168 yıldan beri kooperatifçiler dünyada insanın refahı, doğanın korunması ve barışın sağlanması için faaliyet göstermektedirler. Kooperatifler oluşturdukları sosyal ağırlıklı ekonomik hareketi dünyaya yaymışlar ve bir dayanışma hareketine dönüşmüştür. Dünyanın ilk uluslararası sivil örgütlerinden biri olan Uluslararası Kooperatifler Birliği’ni  (ICA) 1895 yılında kurulmuştur. Tüm kooperatifçiler bu dayanışma platformunda belirlenen kriterler çerçevesinde tüm dünyada halkın kendi kendine yardım modeli haline gelmişler. http://www.youtube.com/watch?v=BtwSfnlLbOY&feature=related

Bu evrensel ilkeler tüm insanlığın ve ülkelerin yararına olan ilkelerdir. Bugünkü gelişmiş ülkelerin gelişme hikâyeleri içinde kooperatiflerin payı büyüktür. Kırsal kalkınmasını sağlayamayan, toplumsal refahı artıramayan bir ülkenin gelişmesi mümkün değildir. Bu ülkelerde ekonominin her dalında kooperatifler etkin ve güçlü konumda topluma ve ülkeye hizmet etmektedirler. Başta Batı ülkeleri olmak üzere gelişmiş ülkelerde kooperatifler ekonominin itici gücü olma özelliğini korumakta ve serbest piyasa ekonomisi içinde toplumun menfaatlerine uygun rol üstlenmektedir. Dünyadaki yeni değişimlere göre yeni alanlara girmektedir.  Kırsaldaki kooperatifleri üretimde, pazarlamada, sağlıkta, sosyal hizmetlerde, turizmde, bankacılıkta, enerjide daha birçok alanda görmek mümkündür. Kooperatiflerin her alanda gelişmesi desteklenmektedir. Hiç değilse engel olmamaktadırlar.

Bugün dünyada 1 milyar kooperatif üyesi bulunmakta ve kooperatiflerin sahip olduğu işletmelerin cirosu 1,1 trilyon dolardır.

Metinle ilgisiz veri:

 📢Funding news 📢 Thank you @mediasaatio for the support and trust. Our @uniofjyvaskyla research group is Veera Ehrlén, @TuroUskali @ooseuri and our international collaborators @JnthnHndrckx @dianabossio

Günümüzde global krizden en az etkilenen kooperatifçilik hareketidir. Kooperatifler sahip oldukları ekonomik büyüklük ile dünyanın 10. En büyük ekonomik gücünü oluşturmaktadırlar. http://www.uk.coop/pressrelease/co-operation-now-dominant-force-global-business-ownership#overlay-context=,

Ülkemiz dünya kooperatifçilik hareketi tarihi içinde yer alan en eski ülkeler arasında olmasına rağmen ülkemizdeki kooperatifçilik sorunları devam etmektedir. Dünyadaki gelişmeler dikkate alındığında ülkemizdeki tablo hiçte iyi görülmemektedir. Özellikle 1980 sonrası izlenen politikalar çerçevesinde kooperatifçilik yeterli gelişmeyi göstermek bir tarafa mevcut konumunu dahi koruyamamıştır. Bu durumdan tüm ülke zarar görmüştür.  Gerçekte kaybeden ülkemiz olmuştur. Bugün bulunduğumuz noktada kooperatifçilik hareketimiz yine de birçok alanda faaliyet göstermektedir. Dünya Kooperatifçilik hareketini de yakında izlemektedir.

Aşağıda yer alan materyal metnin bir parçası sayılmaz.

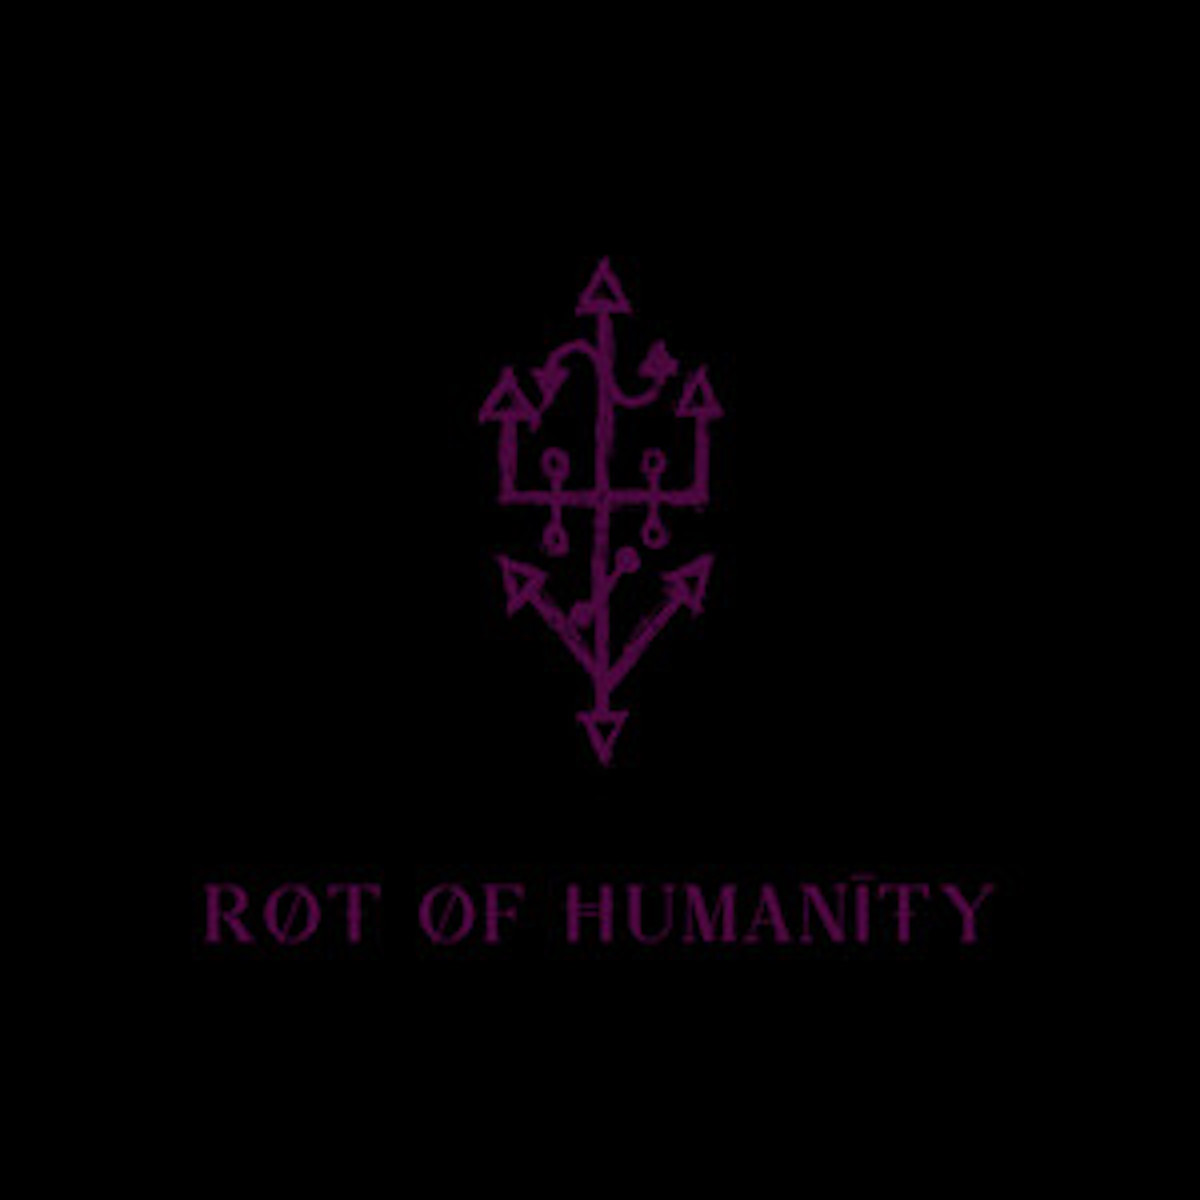 HOT TRACK: “Rot of Humanity” by Eighteen Visions

Dünyanın artık küçük bir köye döndüğü bir yüzyılda gelişmiş ülkelerde kooperatifçilikte yapılan çalışmaları görmek ve öğrenmek bir bilgisayar tuşu kadar yakın hale gelmiştir. Her birey istediği takdirde bu gelişmeleri bilgisayar ekranında takip edebilmektedir. Dünyanın global ekonomik kriz ile sarsıldığı ve yoksulluğun ve çevre sorunlarının her geçen gün arttığı dünyamızda yaraları saracak model kooperatifçilik olarak kabul edilmiştir.

Başta ABD, Kanada, Japonya, Güney Kore ve AB ülkeleri olmak üzere birçok ülkede toplumsal refahın artırılmasında kooperatifler model olarak kabul görmekte ve desteklenmektedir. Bu ülkeler çocuklarını ve gençlerini okullarındaki kooperatifler ile eğitmekte ve geleceğe hazırlamaktadırlar. Birleşmiş Milletlerce 2012 yılının Dünya Kooperatifçilik yılı ilan edilmesi bize bu gerçeği bir kez daha göstermektedir.

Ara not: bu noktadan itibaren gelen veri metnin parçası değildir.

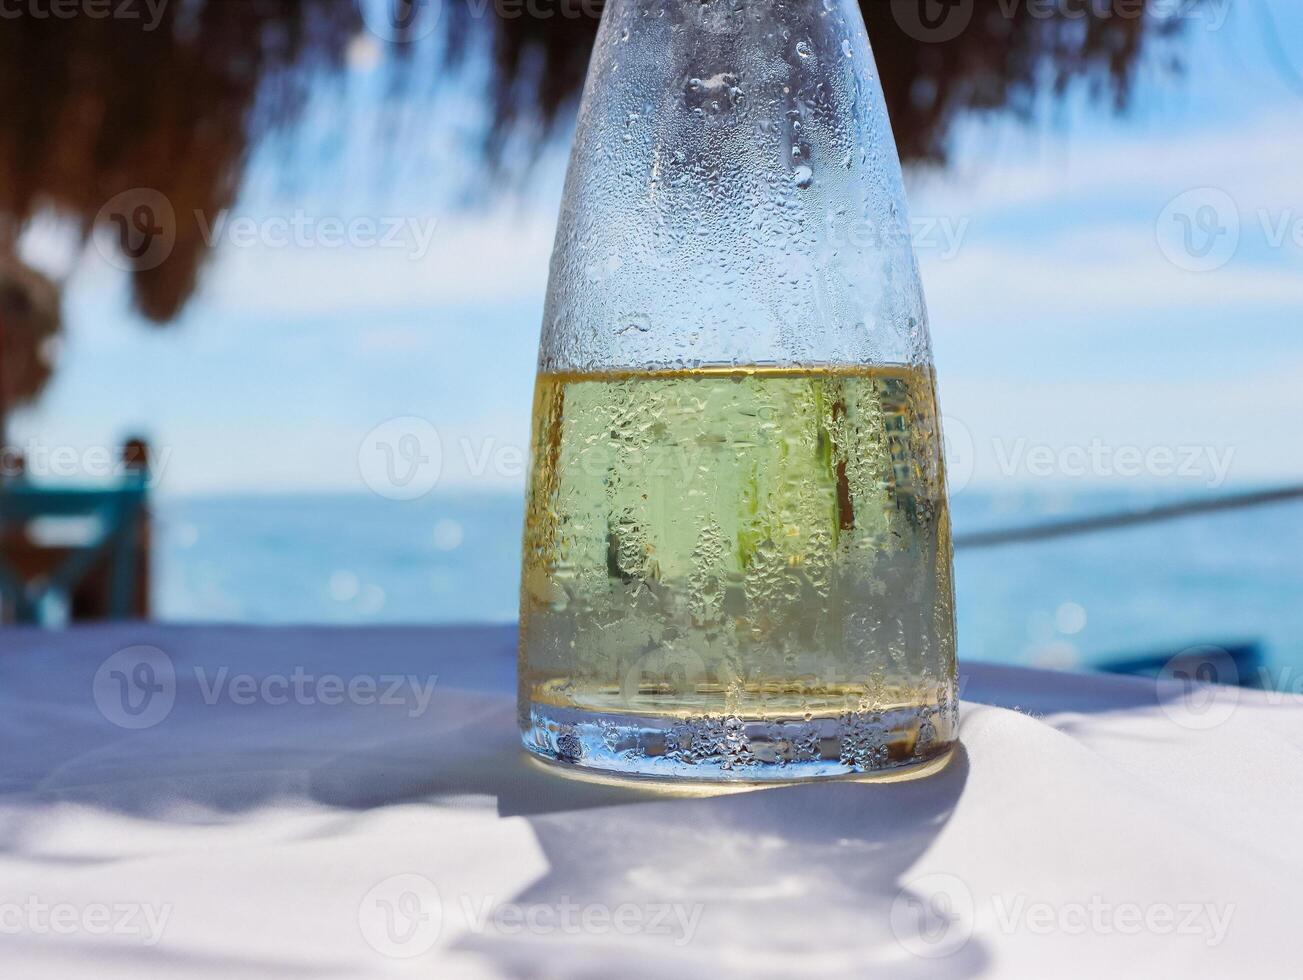 Fresh fruit water in a glass pitcher on the table in the restaurant at the sea shore. Ice cold lemonade at the beach. Detail of the bottle. Drops of water. Blue sky and sea on the background. Close-up photo

Kooperatifçiliğe gereken önem verilmelidir. Kalkınmanın, sosyal ve ekonomik refahın yolu kooperatiflerin her sektörde etkin yer alması ile mümkündür. Kooperatifler ülkedeki demokrasinin ve ekonomik güvenliğin sigortasıdır. Sadece ortaklarının değil ülke ekonomisinde yer sanayi ve ticaret sektörünün de güvencesidir. Kooperatiflerin bu ülke toprakları dışında gidecekleri yerler yoktur.  Kooperatifler halkındır. Halkın kendine hizmeti için bir modeldir. http://www.swissinfo.ch/eng/i.html?cid=31903408&sb=twi

2012 Dünya Kooperatifçilik yılını kutlarken Mustafa Kemal Atatürk’ün 1 Şubat 1931’de İzmir’de yaptığı konuşmadan bir bölüm aktararak satırlarımı bitirmek istiyorum.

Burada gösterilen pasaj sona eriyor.